薛榴燃转身一蹦一跳地走出院子,笑着回应:“知道啦,就知道我爹对我最好啦!”

——

桃沁楼开在春市最热闹的惊蛰坊,这里到了宵禁之时也还是人来人往,车马如龙。

薛府马车刚进市内,民众就像避瘟神让开一条道,薛榴燃拉上锦布车帘,看了眼桌上的冷饮,撇了撇嘴:“她倒只晕了几天,我的名声可被她臭了几月了。”

“小姐不需为这种人生气,下次我再叫几人去收拾她。”温姒不悦,“不必,我亲自来,不连累你们挨训了。”薛榴燃摩挲着手腕上的双环,沉声道。

马车停在了楼门口,薛榴燃等人一下车,刚进门,掌柜就迎过来,假笑道:“薛大小姐怎么来了,也不叫下人通知一声,楼里好提前准备!”

“你这是在教我做事?”薛榴燃用余光扫视楼里,“看来是我来的不巧了,满座了。”

“怎会呢?二位贵客请上二楼!”掌柜领着薛榴燃和温姒上楼,在廊道里绕了一圈,转头不好意思地笑了笑:“薛大小姐,实是本楼的错,今日实在是没雅间了,要不......”

薛榴燃挥了挥手:“不必了,我与朋友约好了,就在这间。”转而又指了指她斜角的房门,不等掌柜言说,温姒就推开门将他阻在门外,薛榴燃睨了一眼转而大步走进房中。

——

姚橍本来和其他几位小姐在桃沁楼里闲聊,品茗,吃茶酥。

房门“嘭”的一声就打开了,房里气氛瞬间凝重,她看着两位少女踏入房门,坐在了她的对面。

只见脖颈挂了杏榴色璎珞的少女轻轻拿起桌上的桃花酥,咬了一口:“嗯,味道不错,但太甜了!”一手将酥饼扔回盘里,又倒了杯茶,拿起来轻轻吹了吹,茶杯上方氤氲起的白烟微微抖动,薛榴燃转手将茶杯里的茶倒掉,用力地反扣于桌,“咔呲”茶杯碎成两半,她狠笑道:“不好意思,这茶的茶色甚好,可惜这茶杯太薄,烫手。
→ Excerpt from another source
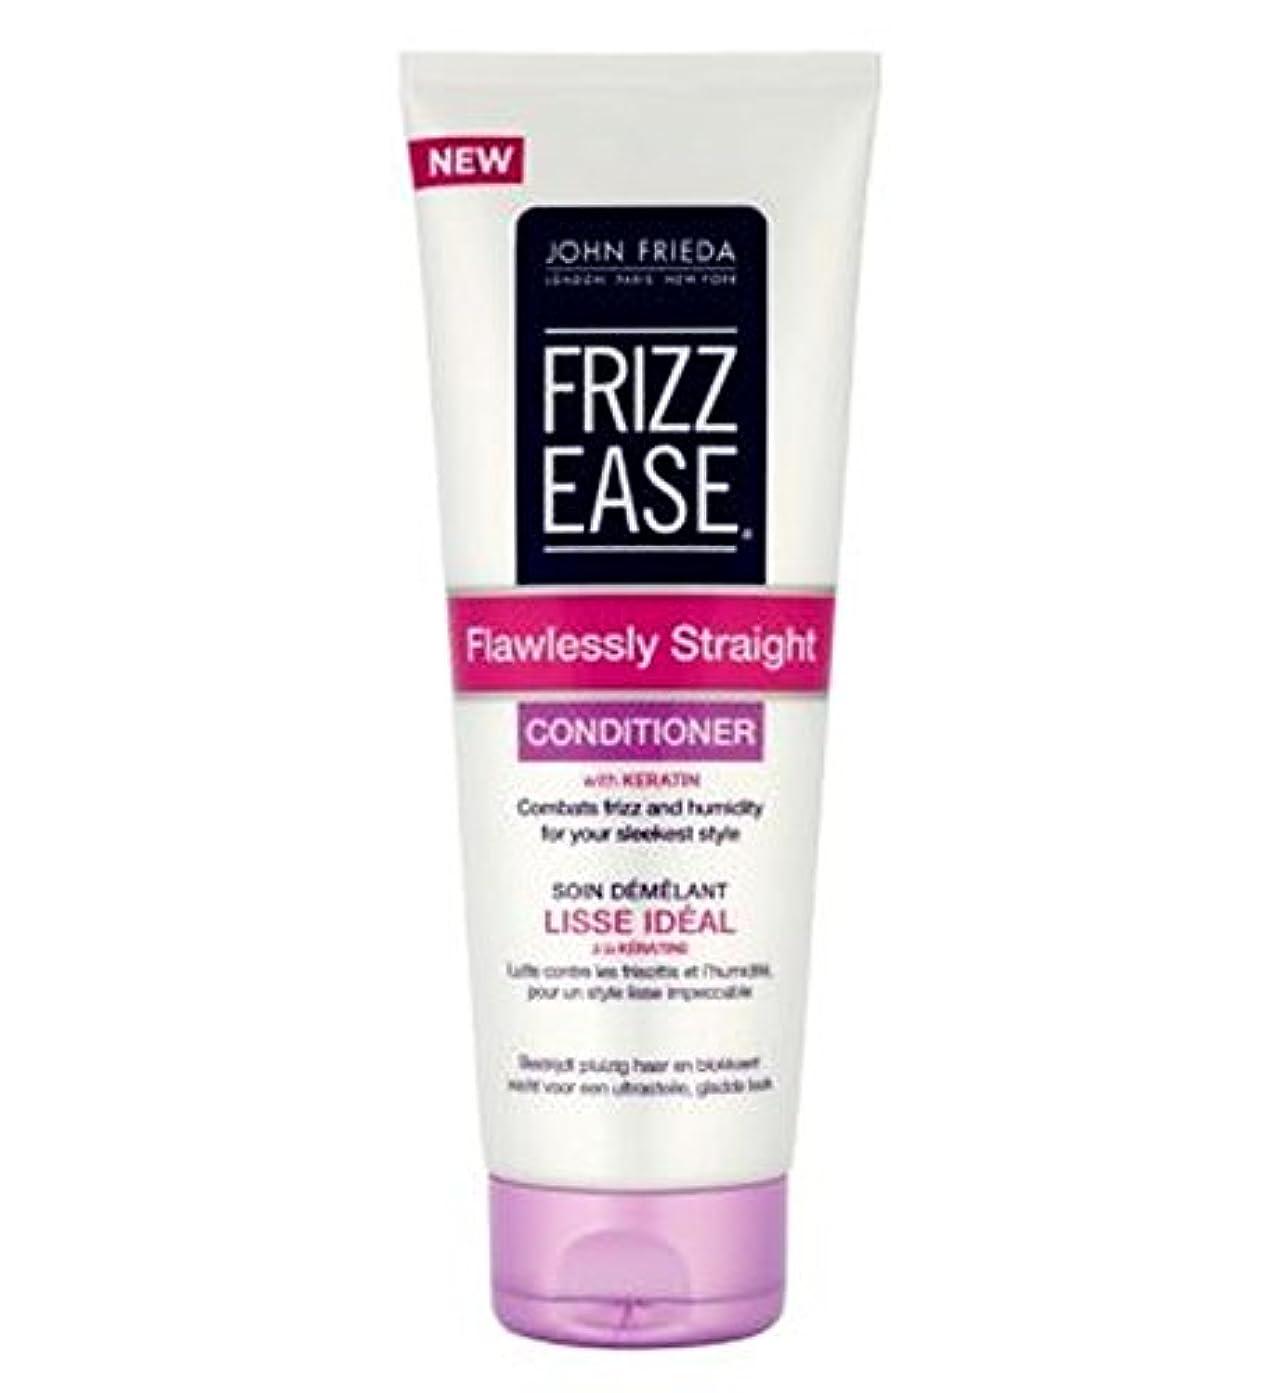 社員どんなときも踏みつけジョン?フリーダ縮れ-容易完璧ストレートコンディショナー250Ml (John Frieda) (x2) - John Frieda Frizz-Ease Flawlessly Straight Conditioner...

”

掌柜在外面站也不是,坐也不是,只得隔门偷听,半柱香过后,门突然开了,掌柜踉跄了几步,抬眼就见几位女郎急匆匆地掺着一位发鬓散乱,衣衫不整的人快步走出房中,他害怕地转身就想走,只听房中有人冷不丁地开口:“三份桃花酥,五曲桃花酿,其中两份送去薛府,立刻!”他抖着声调回应:“是……是是,马……马上就……就去准……备。”

散坐在榻上的薛榴燃轻笑一声:“温姒,方才我那招怎样?有没有学到你的精辟之处?”温姒爽答:“小姐方才那招出得甚好,只是脚步虚浮了些,还需稳一稳重心。”薛榴燃边听边回忆着刚才出的那一招:“多谢师父指导。”温姒谦虚道:“不敢当不敢当。”

倏忽,一盘桃花酥和五曲桃花酿就上齐了。薛榴燃倒上一杯佳酿,抿了一口:“温姒你先去门外守着。”,“是”温姒退出门外。

天色式微,春市繁饶。一个黑影跃进雅间,单膝跪地,将一紫薇玉佩放于桌上,道:“殇领,与莱阑国的那批生意谈成了,只不过那边要价较高,需百两银票加一盒白金。”

“可,成,但就那几样东西,不适合,也不配,”薛榴燃低沉开口,“先照办,后手记得留给我,退下吧。”她喝完最后一杯酒,起身走出房门,叫来掌柜道:“这桃琼面我包了,不许外人进内,你以及楼里的小厮也不许,我自会派人打扫,你只需在我来时备好酒点即可。”掌柜发抖地点了点头,接了银钱,将薛榴燃等人迎出门外。

薛榴燃坐进马车,扶额道:“温姒你说,我长得有那么可怕吗?怎么个个见了我跟见了鬼似的?”

“哪有,小姐长得如此乖顺,笑一笑多讨喜啊!分明是他们狗眼看人低。”温姒答之。

“听你说话跟吃了蜜一样甜甜的。”薛榴燃笑着说。

薛榴燃的笑容其实一直是合昱公认最完美的笑容,她的桃夭小唇笑起来似若桃瓣,一双杏眼弯似月牙,满若星辰,衬着她的玉肤极为水润,白里透粉,令人致命的是她嘴角的小酒窝,微微牵起嘴角,那两边的小酒窝便若隐若现,实在是让人讨厌不起来。

要不是性情顽劣,臭名昭著,可真不枉称是合昱第一美人。